• Your task:
Print the line containing "Pixi Beauty Eye", then every line after it through the end of the material, exactly as written and without pictures.

• Dataset content:
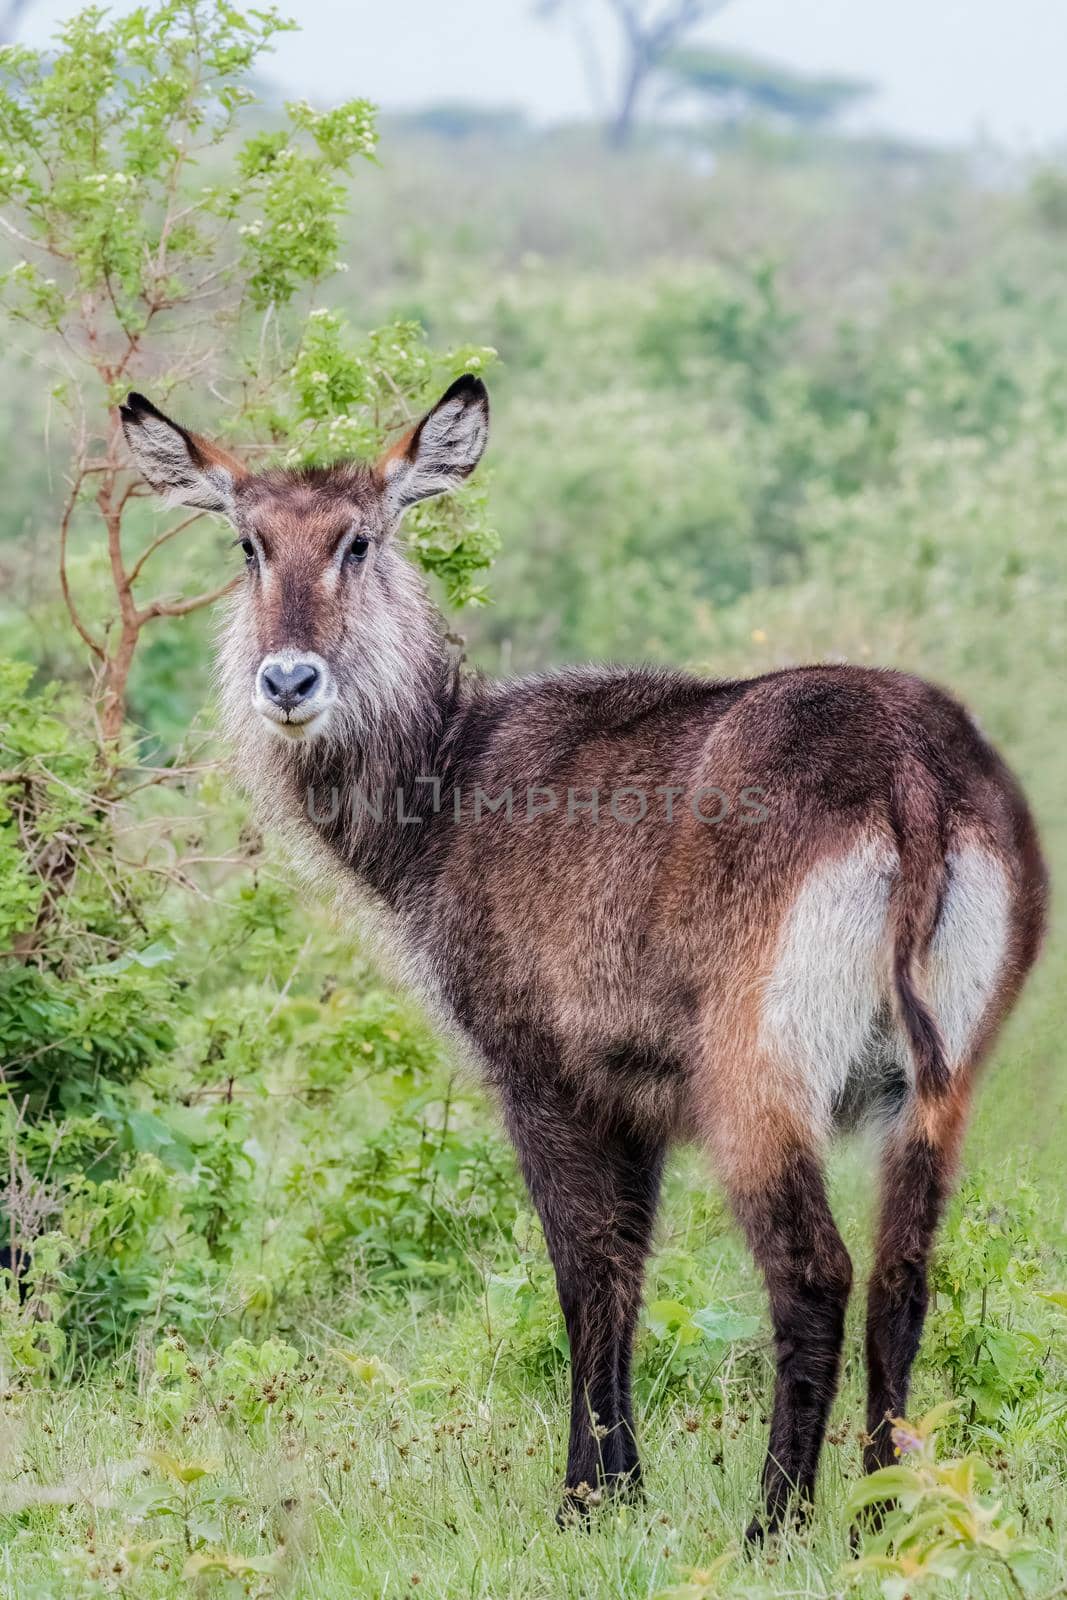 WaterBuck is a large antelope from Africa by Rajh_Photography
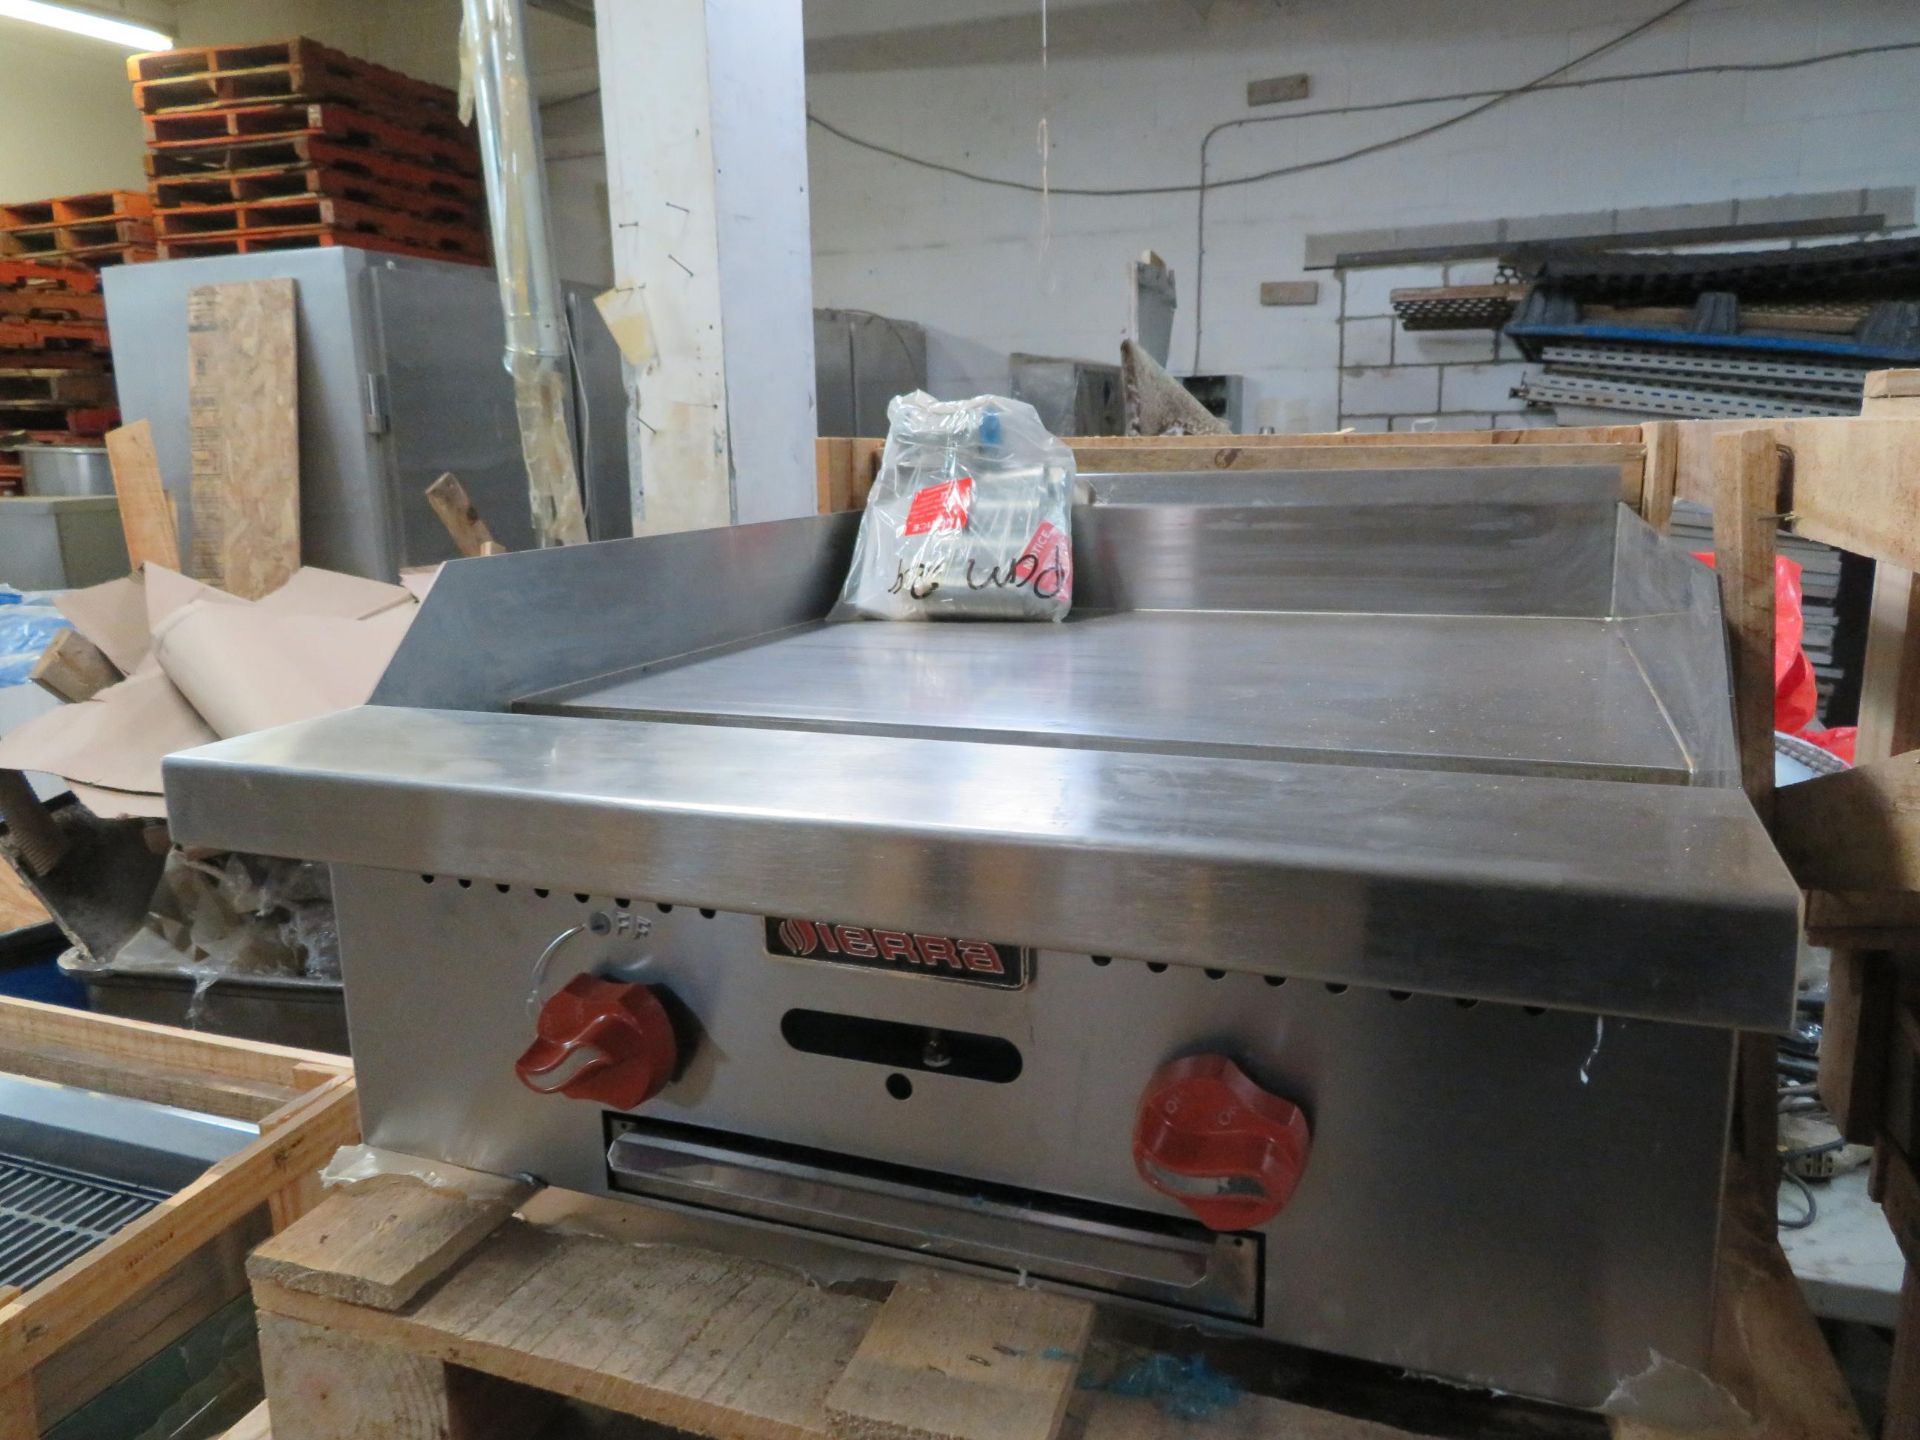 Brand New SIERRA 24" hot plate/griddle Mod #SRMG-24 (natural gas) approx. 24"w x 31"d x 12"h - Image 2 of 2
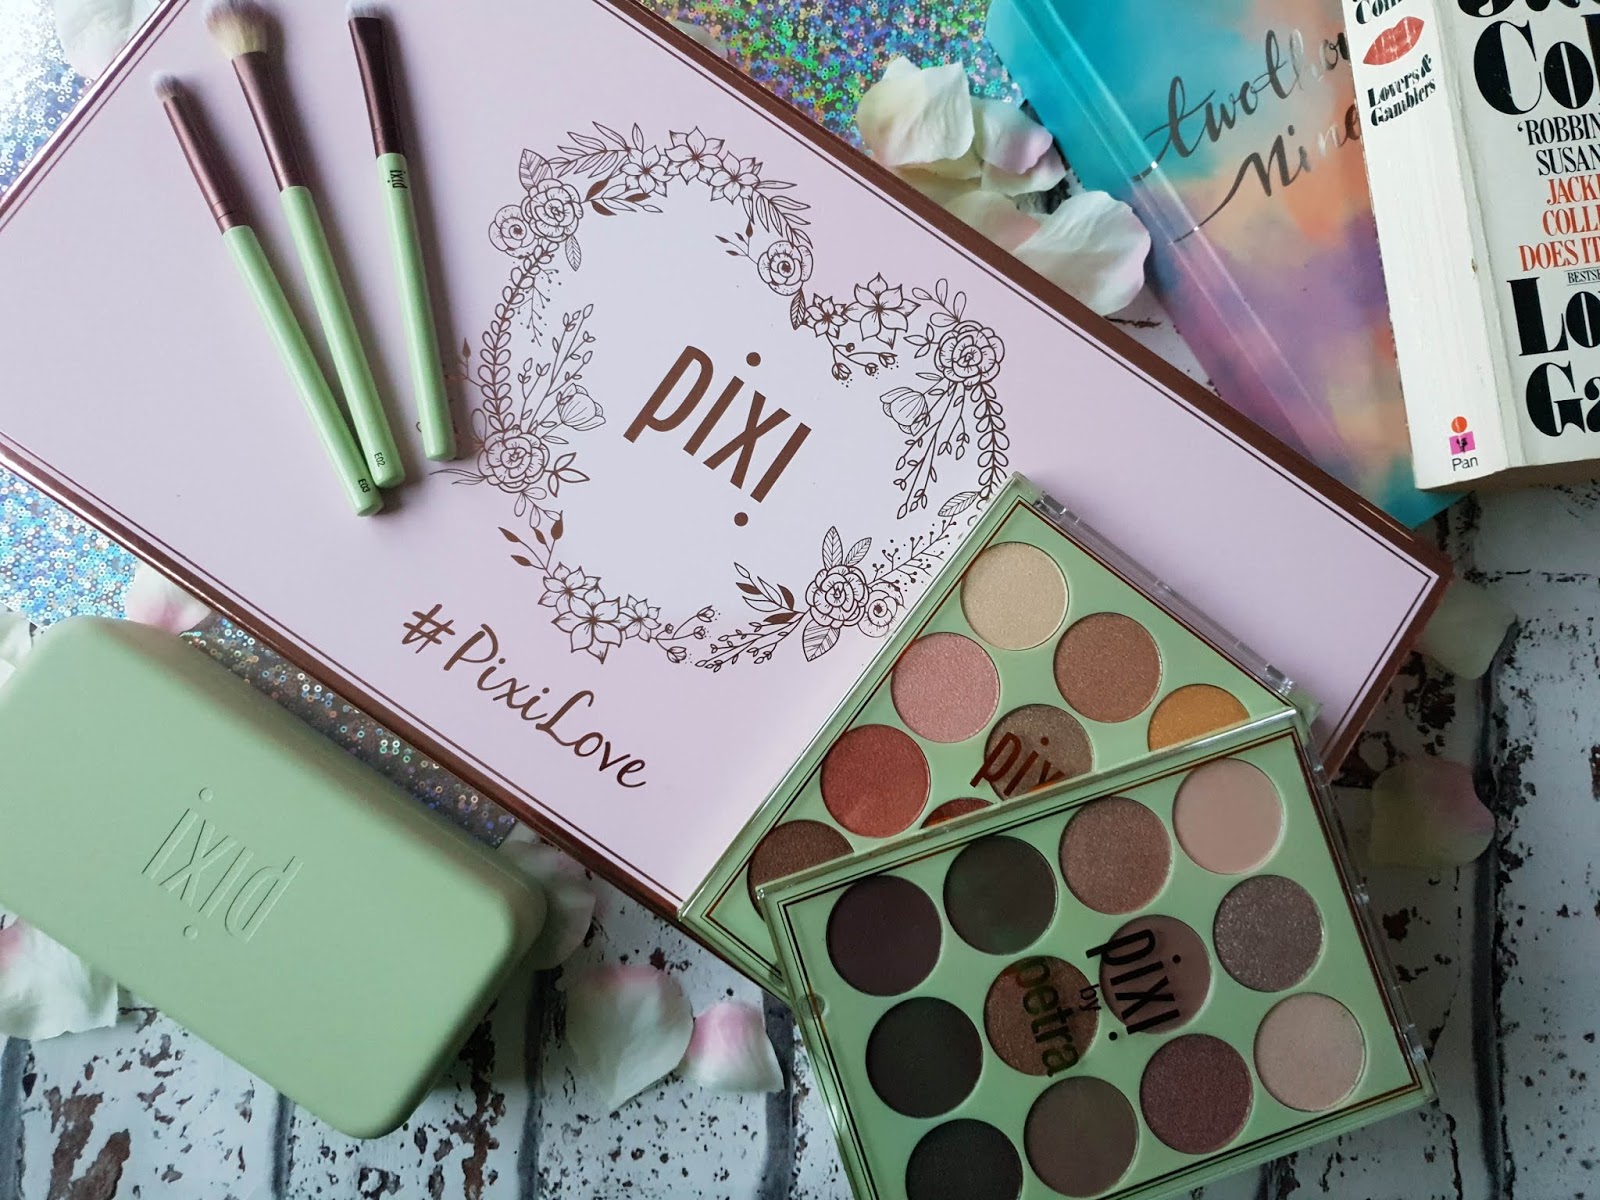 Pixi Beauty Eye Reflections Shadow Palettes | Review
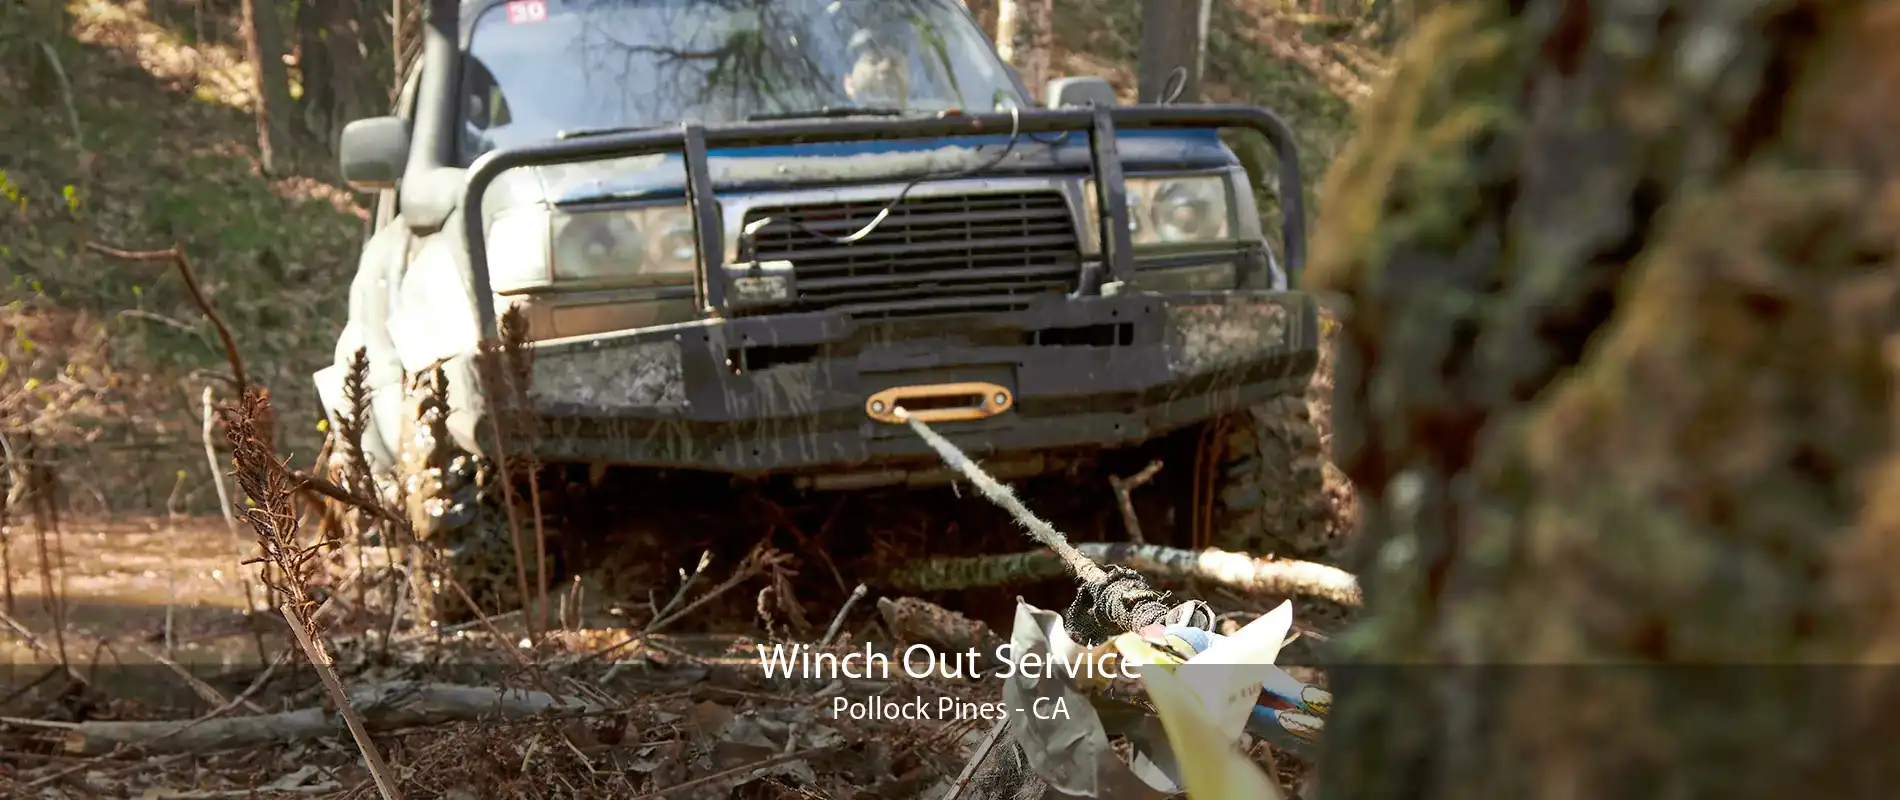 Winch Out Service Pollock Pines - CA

• Solution for this exercise:
 Pixi Beauty Eye Reflections Shadow Palettes | Review
 Winch Out Service Pollock Pines - CA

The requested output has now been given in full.